Anonymous 0 Comments

“Space is big. Really big. You just won’t believe how vastly hugely mind-bogglingly big it is. I mean, you may think it’s a long way down the road to the chemist, but that’s just peanuts to space.”

Anonymous 0 Comments

The earth is enormous, and many satellites orbit so high up that the circumference of their orbit is significantly bigger than the Earth’s circumference. On top of this, satellites orbit at different altitudes.

If you were to go up into space, you would not see any satellites or space junk at all. Similarly, if you were out directly I’m the middle of the asteroid belt, you most likely wouldn’t see a single asteroid at all. Space is BIG.

Hitting a satellite would be equivalent to flying in a straight line around the earth and just happening to collide with a specific parrot living in a remote jungle in an Indonesian island. Or a bird migrating from Uruguay to Hawaii. It’s simply so unlikely that we don’t need to worry.

But still, we track all satellites and most space junk larger than a few centimeters across. Just to be on the safe side 🙂

Anonymous 0 Comments

The sky is big. Like, really really big. It’s hard to convey just how big it is. Also it’s a 3D space, and it’s hard to hit things in a 3D space when you are trying to.

Anonymous 0 Comments

“Space is big. You just won’t believe how vastly, hugely, mind-bogglingly big it is. I mean, you may think it’s a long way down the road to the chemist’s, but that’s just peanuts to space.
Douglas Adams, The Hitchhiker’s Guide to the Galaxy (Hitchhiker’s Guide to the Galaxy, #1)

Anonymous 0 Comments

We track them all. A lot of it is just keeping a database up to date of the different orbits. The us government NORAD program has a fence across the earth that they use to detect objects in space and track them. We then made a standard to exchange that information. It describes the orbit of the object. It’s fairly simple math.

https://www.n2yo.com/satellites/
https://celestrak.org/NORAD/documentation/gp-data-formats.php

http://gpredict.oz9aec.net

But regardless, space is mostly empty. Even if we didn’t know where they are, hitting them by accident just won’t happen. The main reason we track sats is so we know where to point our antennas to talk to them.

Anonymous 0 Comments

Space is *big*. And, more importantly, space *isn’t flat*.

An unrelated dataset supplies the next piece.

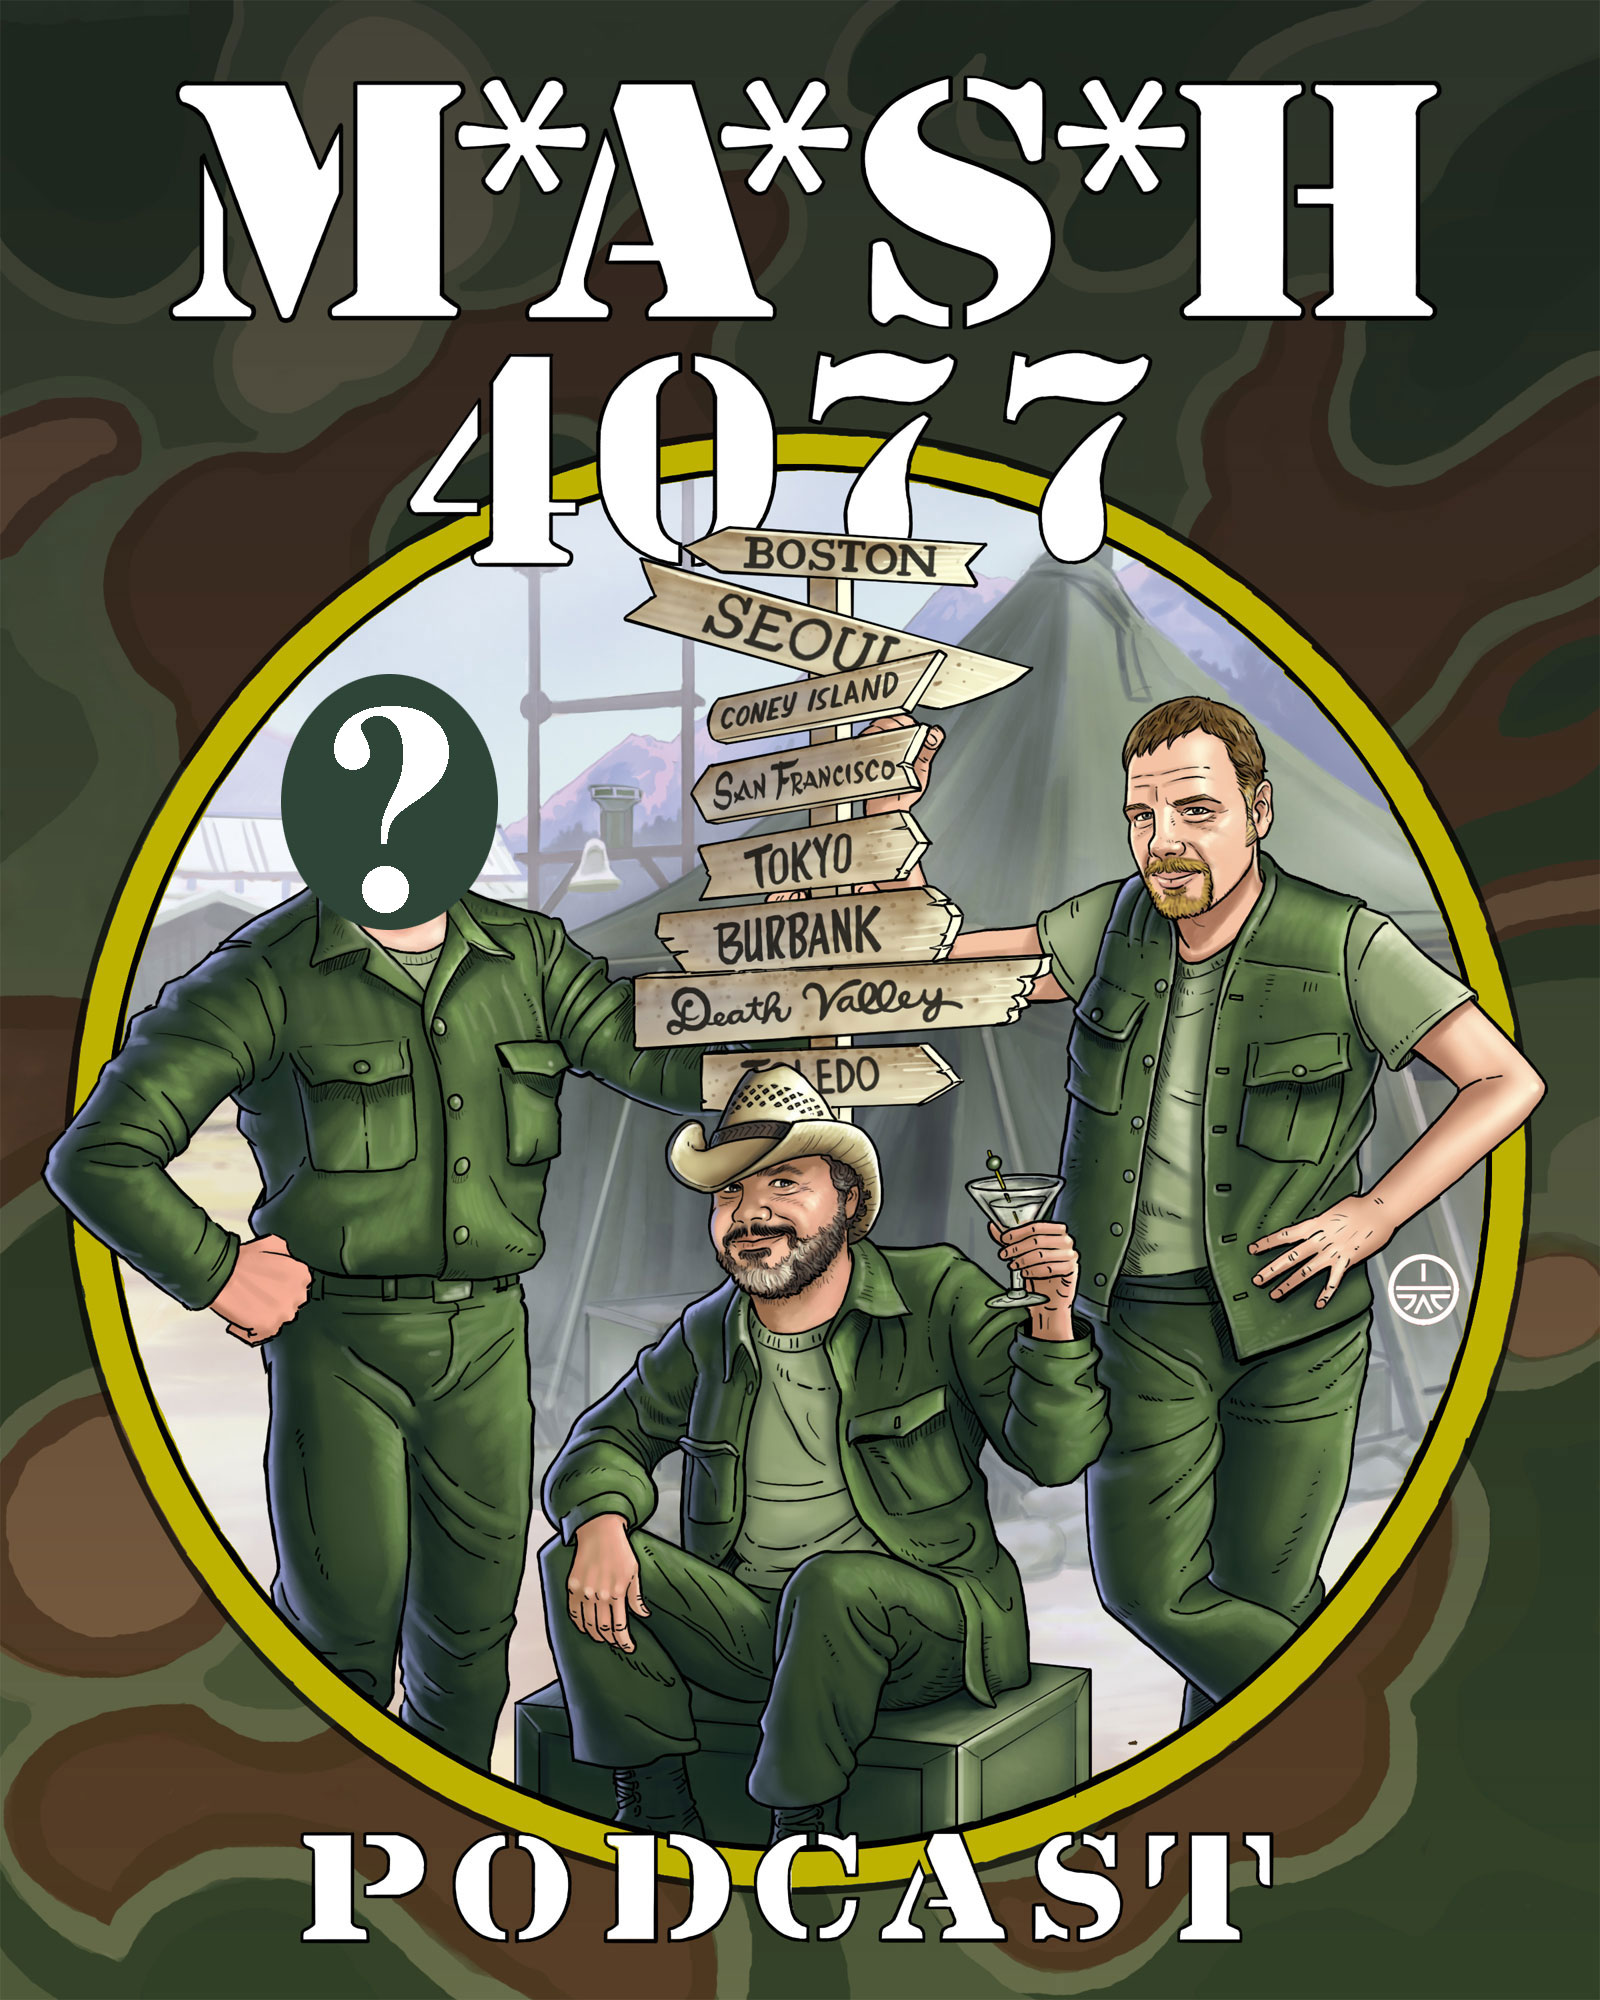 MASH 4077 Podcast Episode 150

If you’re drawing lines on a piece of paper, then, Euclidean geometry and all, any pair of lines which aren’t parallel *must* intersect. But this is *not* true in three dimensions. Pedestrian bridges go over roads, highways cross over other highways, metro tunnels run under city streets, etc. For two things to collide in space their trajectories have to intersect, and for *that* to happen, the two lines have to be more or less coplanar. I mean, what are the odds that 4 randomly chosen points in three dimensional space will *all* cleanly lie on the same flat plane? There’s also the matter of time: It’s not enough for two trajectories to intersect, the objects themselves have to both be at that shared point at the exact same time, quite literally down to the millisecond. If an object half a meter across is traveling at one thousand meters per second, then it has travelled twice its own diameter in a single millisecond. If two half meter objects are on a collision course at those speeds, then a delay of 0.001 seconds is all it takes to turn a hit into a [very] near miss, and real satellites are moving *a lot* faster than that. Once again, space is *big*, so the odds of two satellites bumping into each other are very very low.